- Exercise instructions
Find, in the records below, the line that contains "Huey Hubschrauber Landung" and the line that contains "Igor Dias Soares's show". Copy those two lines and everything between them exactly, but not the pictures.

- Information provided
######

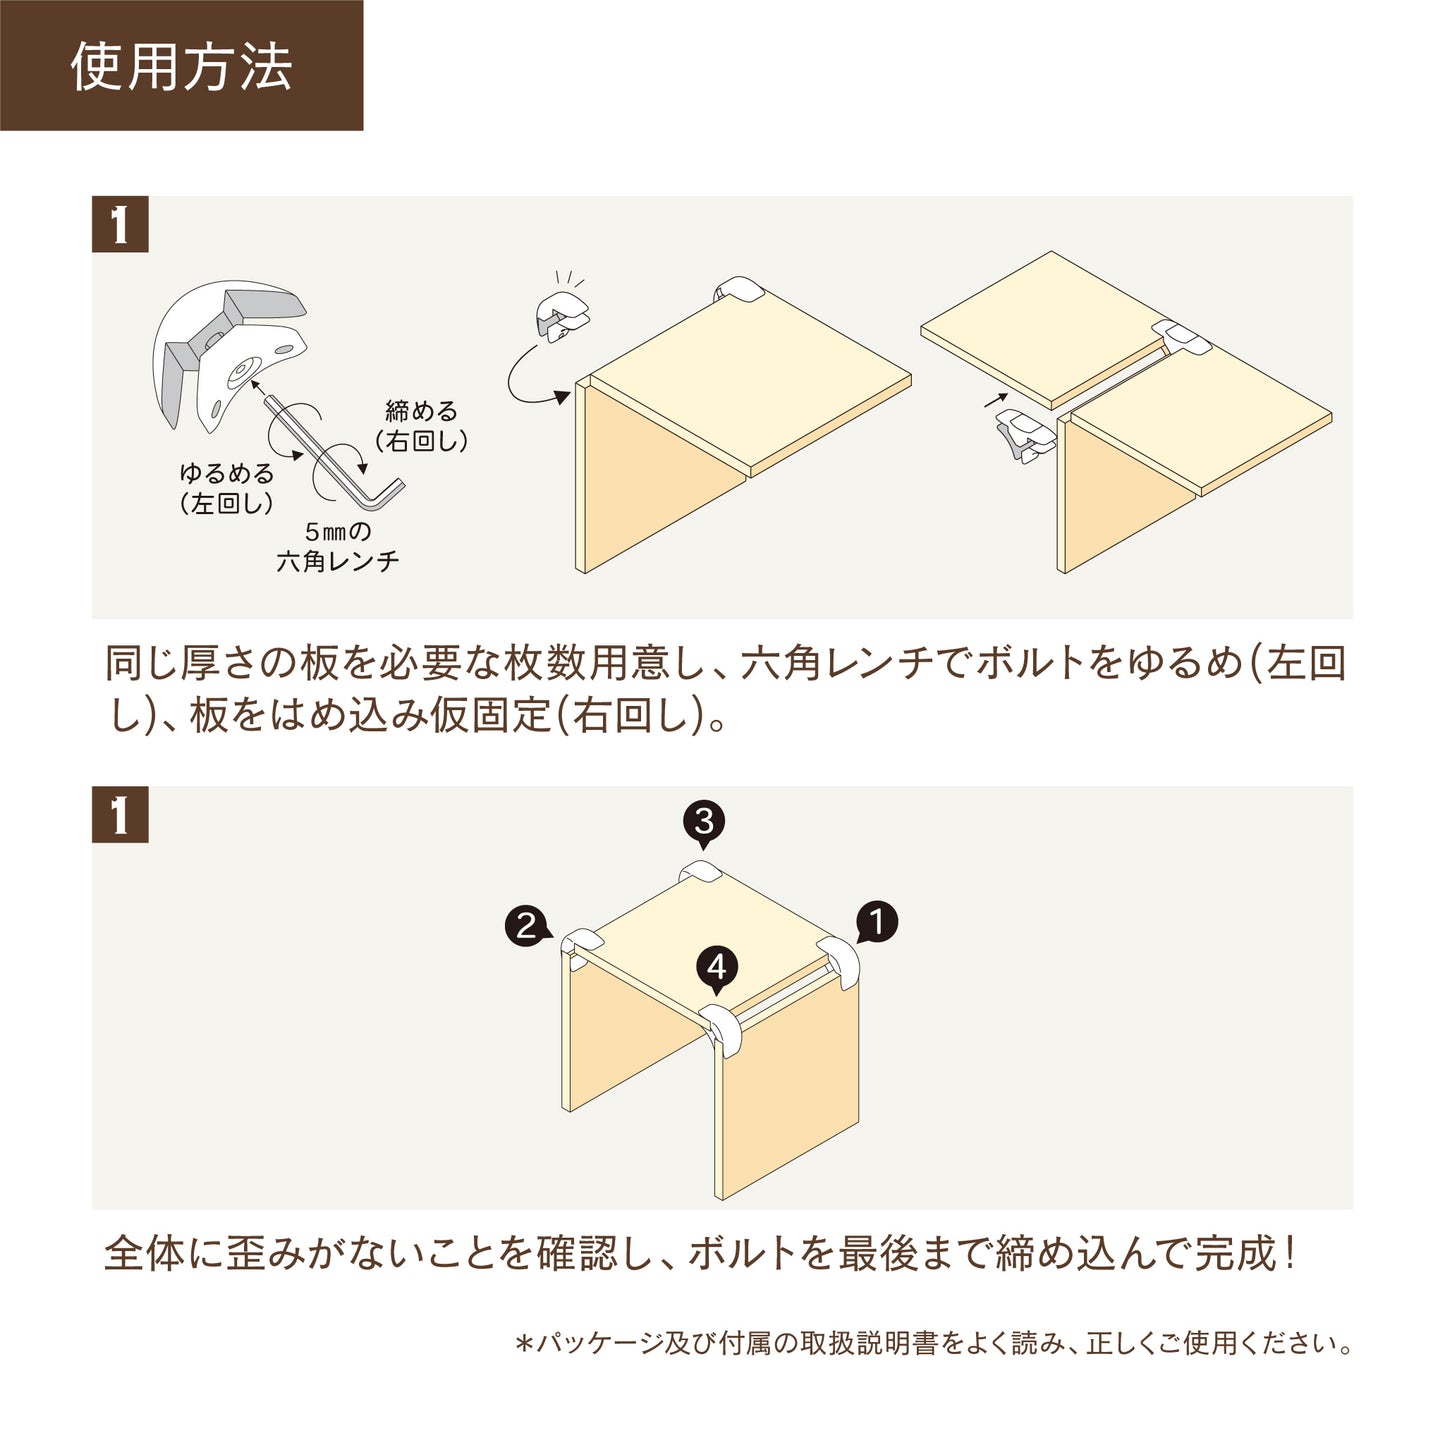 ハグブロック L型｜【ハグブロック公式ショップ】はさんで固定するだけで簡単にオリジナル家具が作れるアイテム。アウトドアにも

######

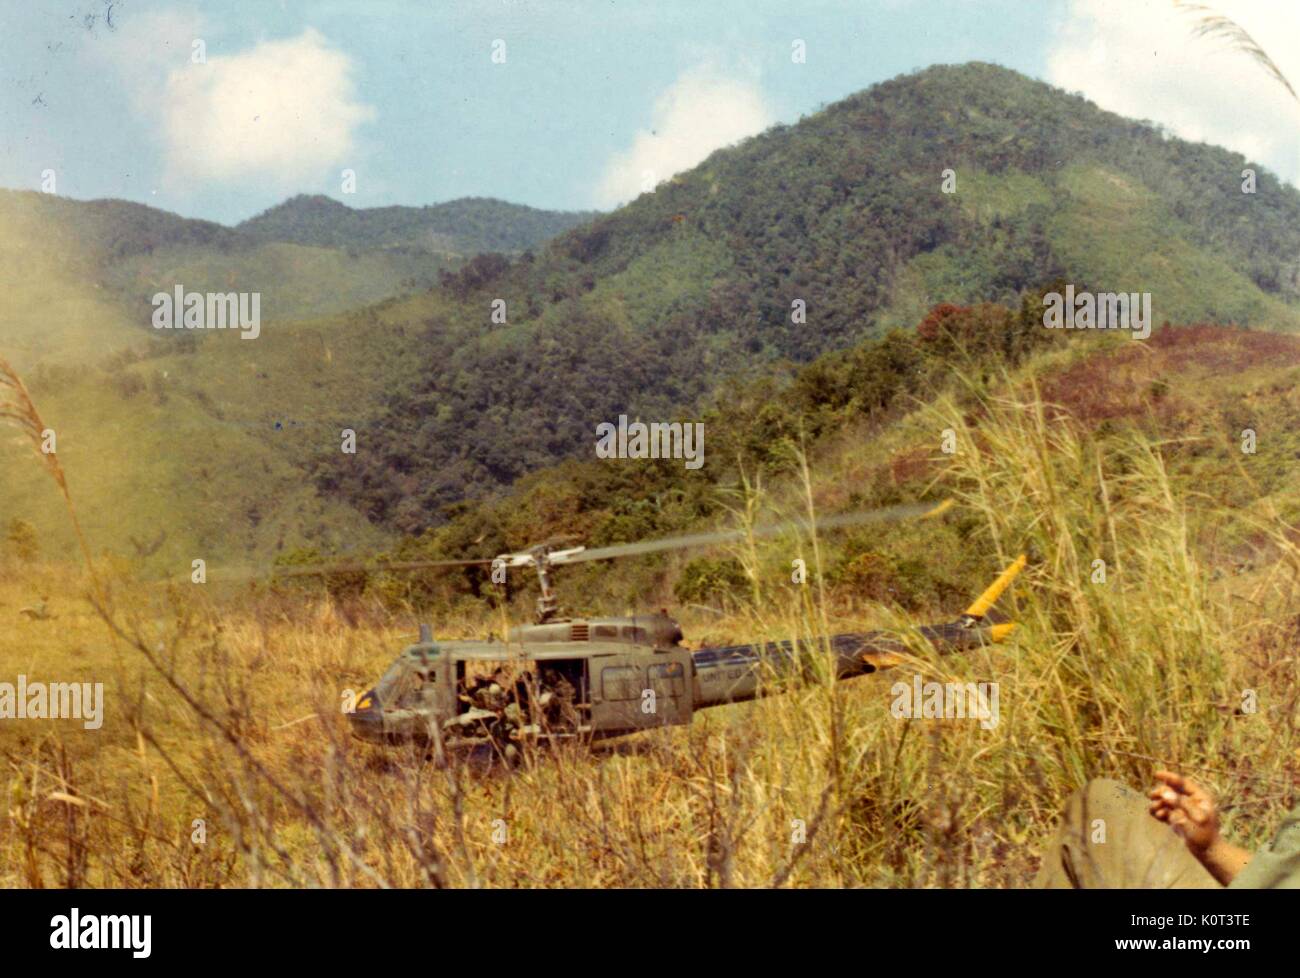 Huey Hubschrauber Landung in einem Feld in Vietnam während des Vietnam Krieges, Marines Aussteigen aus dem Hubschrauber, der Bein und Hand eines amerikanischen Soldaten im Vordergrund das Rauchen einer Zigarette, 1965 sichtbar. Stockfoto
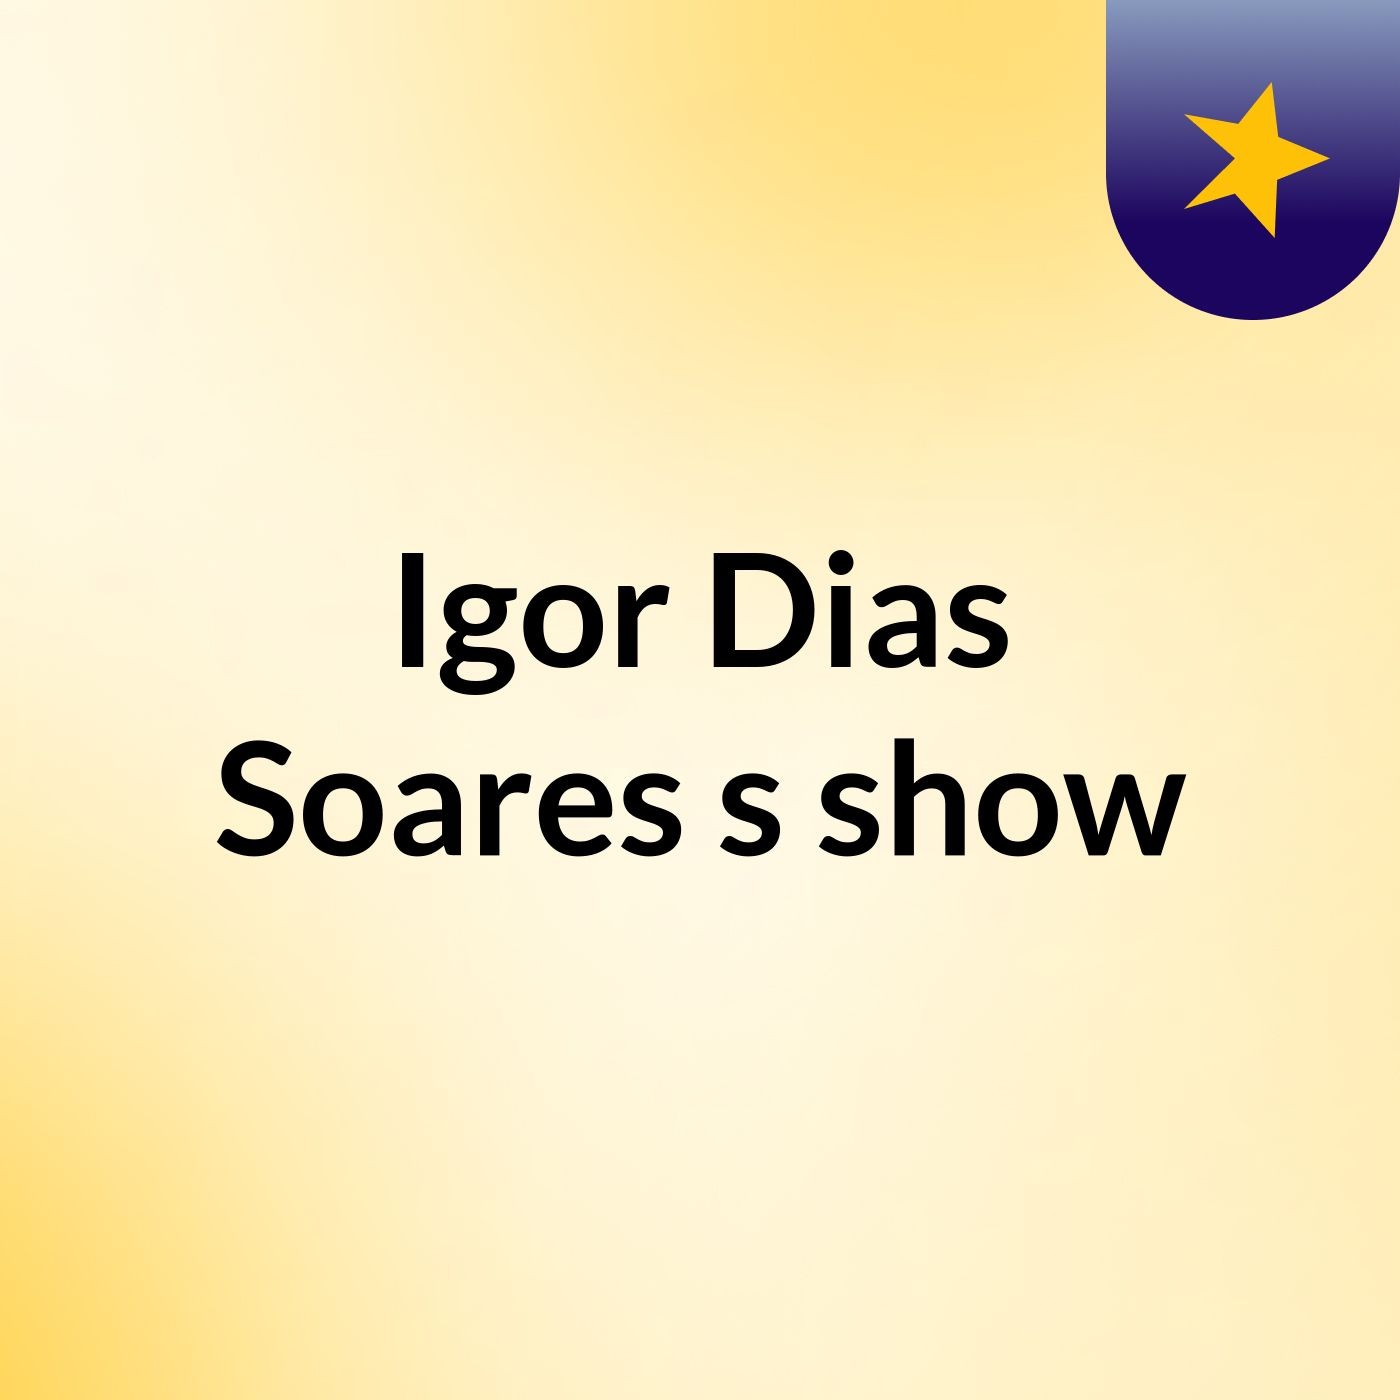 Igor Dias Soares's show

######

- Finished task
 Huey Hubschrauber Landung in einem Feld in Vietnam während des Vietnam Krieges, Marines Aussteigen aus dem Hubschrauber, der Bein und Hand eines amerikanischen Soldaten im Vordergrund das Rauchen einer Zigarette, 1965 sichtbar. Stockfoto
 Igor Dias Soares's show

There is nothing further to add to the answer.